#### DESCRIPTION OF THE TASK:
In the listing below, find the line containing "Nederland Vleesland logo website respectvee" and the line containing "Oakley Crosslink Zero". Repeat exactly those two lines and every line between them, nothing more.

RAW DATA section start

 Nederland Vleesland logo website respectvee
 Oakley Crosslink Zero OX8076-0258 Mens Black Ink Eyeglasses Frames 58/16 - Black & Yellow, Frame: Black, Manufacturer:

RAW DATA section end
RAW DATA section start

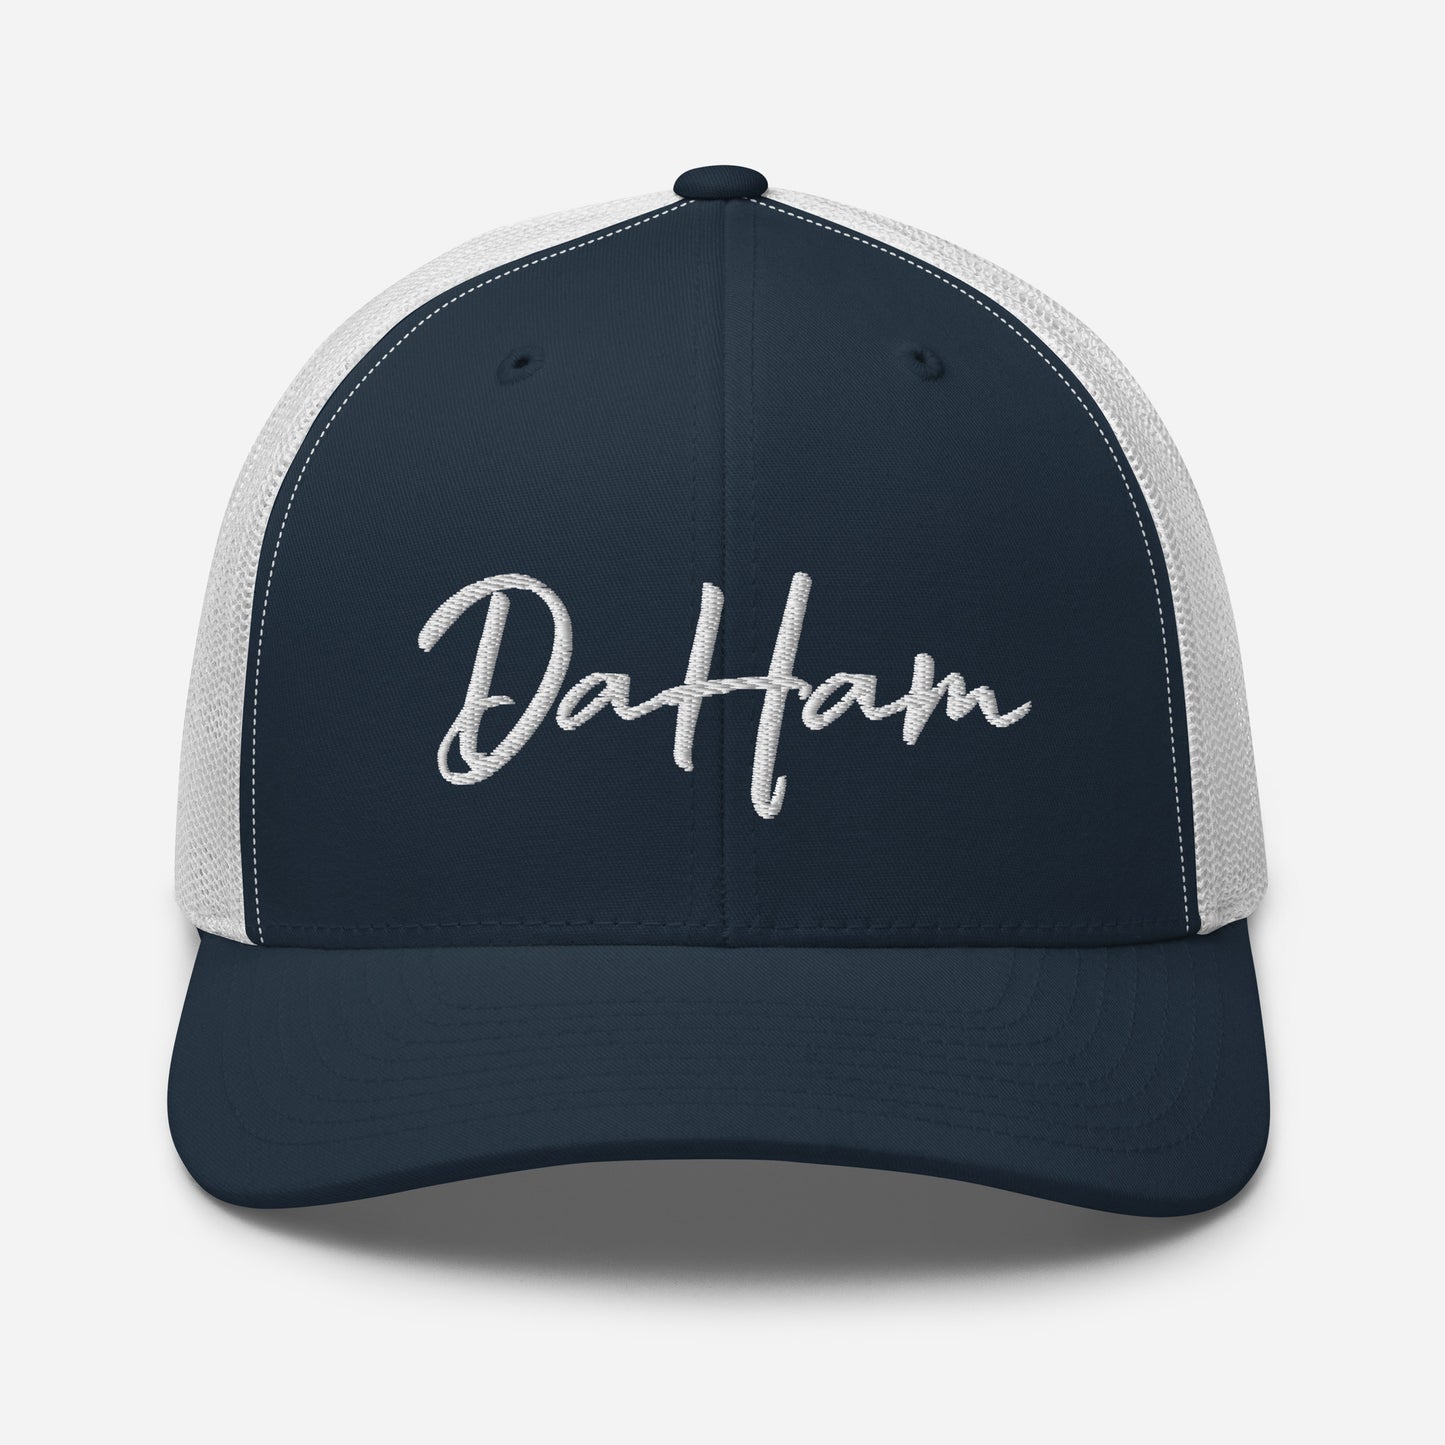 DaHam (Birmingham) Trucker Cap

RAW DATA section end
RAW DATA section start

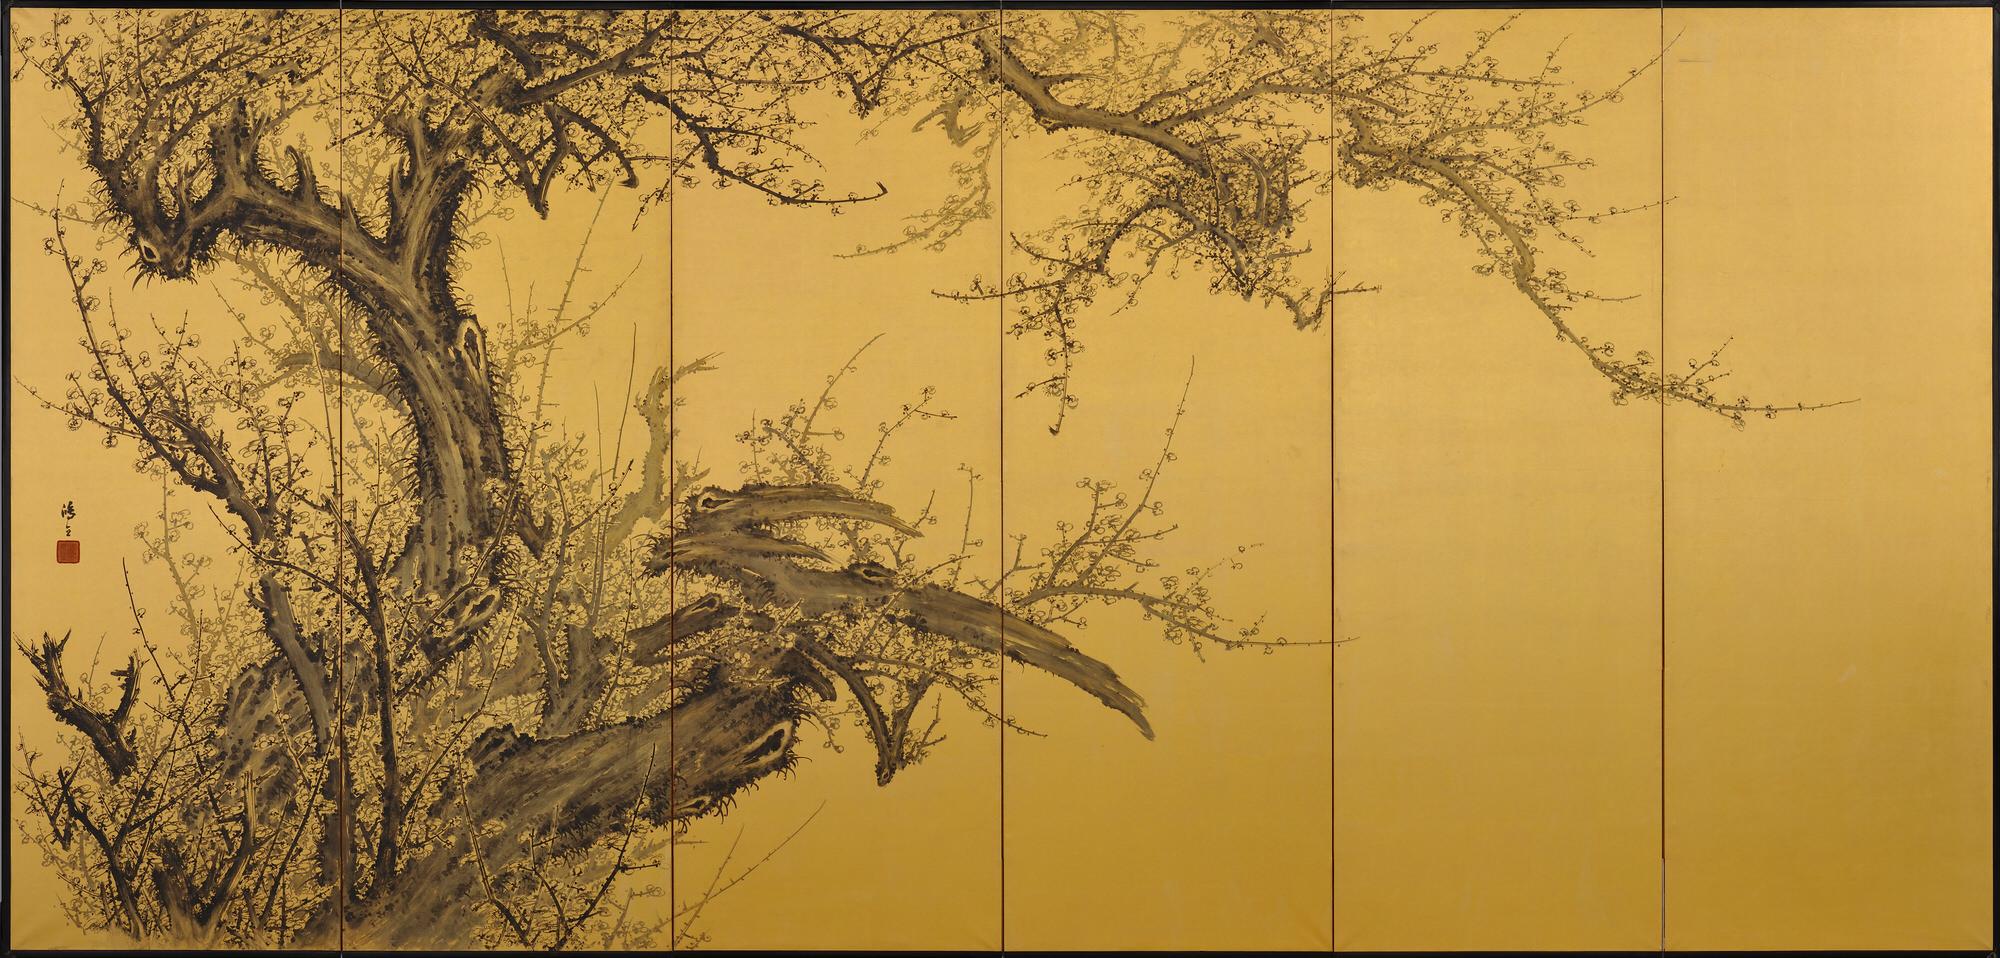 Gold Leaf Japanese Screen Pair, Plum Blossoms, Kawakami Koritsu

RAW DATA section end

#### FINISHED TASK:
 Nederland Vleesland logo website respectvee
 Oakley Crosslink Zero OX8076-0258 Mens Black Ink Eyeglasses Frames 58/16 - Black & Yellow, Frame: Black, Manufacturer:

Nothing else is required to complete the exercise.